1.2 Flash Memory Technology
As opposed to the magnetic storage devices commonly associated with mass data storage appli-
cations, flash memories are a form of electronic or solid-state memory, meaning that they are
able to represent data purely through the use of electronic circuits, with no moving parts. In flash
(and other solid-state memories), a cell - the most basic physical storage element in a memory from
which a value can be meaningfully interpreted - is made up of just a single, specialized field-effect
transistor called a floating gate transistor, or FG-MOSFET [4]. Floating gate transistors are built
with two electrically isolated gates: a control gate (which functions as a normal transistor gate), and
a ”floating” gate that is insulated from both the control gate and the transistor substrate by two
dielectric layers.
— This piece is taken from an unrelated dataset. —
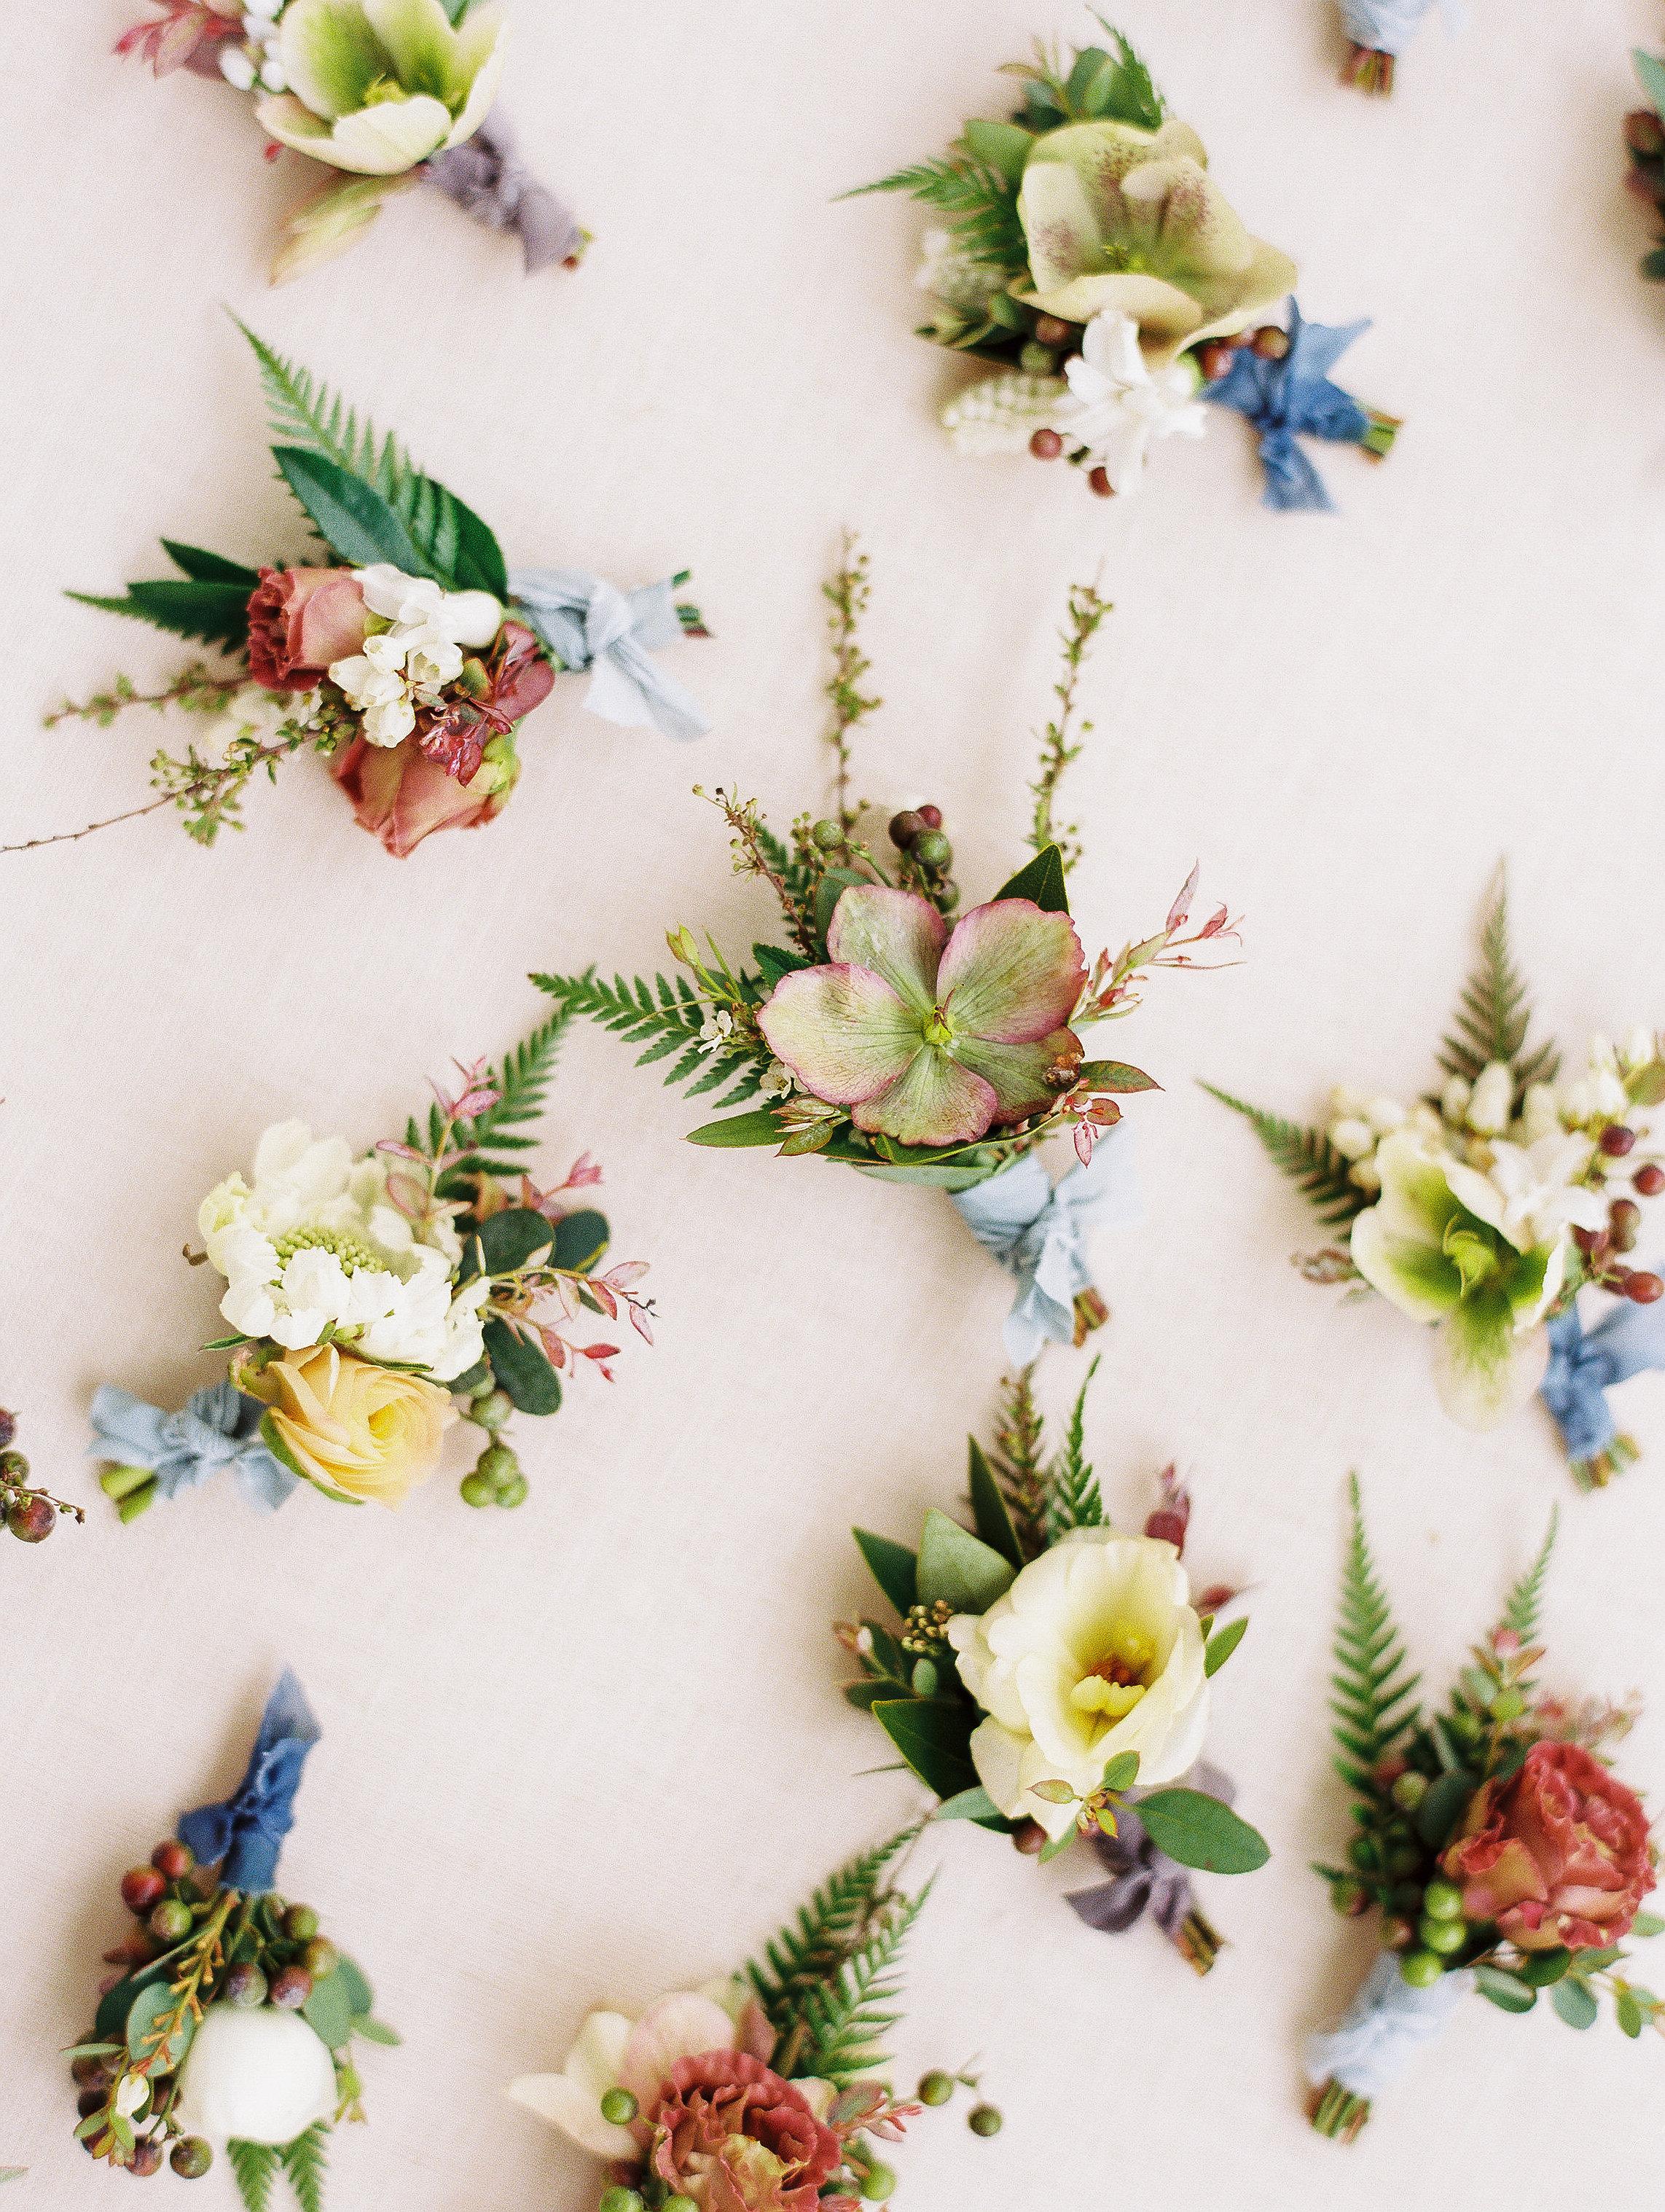 jessica-zimmerman-wedding-planner-boutonnieres.jpg

By constructing the transistor in this way, charged particles (i.e. electrons) can
then be induced onto the floating gate under specific conditions, altering the transistor’s response
to voltages on the control gate.
1.2.1 Reading and Writing Flash Cells
FG-MOSFETs are charged via two primary mechanisms: hot-carrier injection and Fowler-Nordheim
tunneling [4], [5]. To utilize hot-carrier injection, a high positive voltage is applied between the
transistor control gate and its source, and a smaller positive voltage is then applied from drain to
source. High current flows from the drain to the source, but some of the charge carriers in that
current have enough energy to overcome the resistance of the oxide surrounding the floating gate
and get trapped. Fowler-Nordheim tunneling takes a slightly different approach: instead of pulling
a current through the transistor to induce charge carriers to move through the oxide (which can
be destructive to the oxide material), Fowler-Nordheim uses a high positive voltage between the
control gate and the transistor substrate to induce a high electric field in the transistor, causing
some electrons to ”tunnel” through the oxide and again embed themselves in the floating gate. In
both cases, charge is removed via tunneling by charging the gate and the substrate with a voltage of
opposite polarity to that used charging (i.e. a voltage drop from the substrate to the control gate).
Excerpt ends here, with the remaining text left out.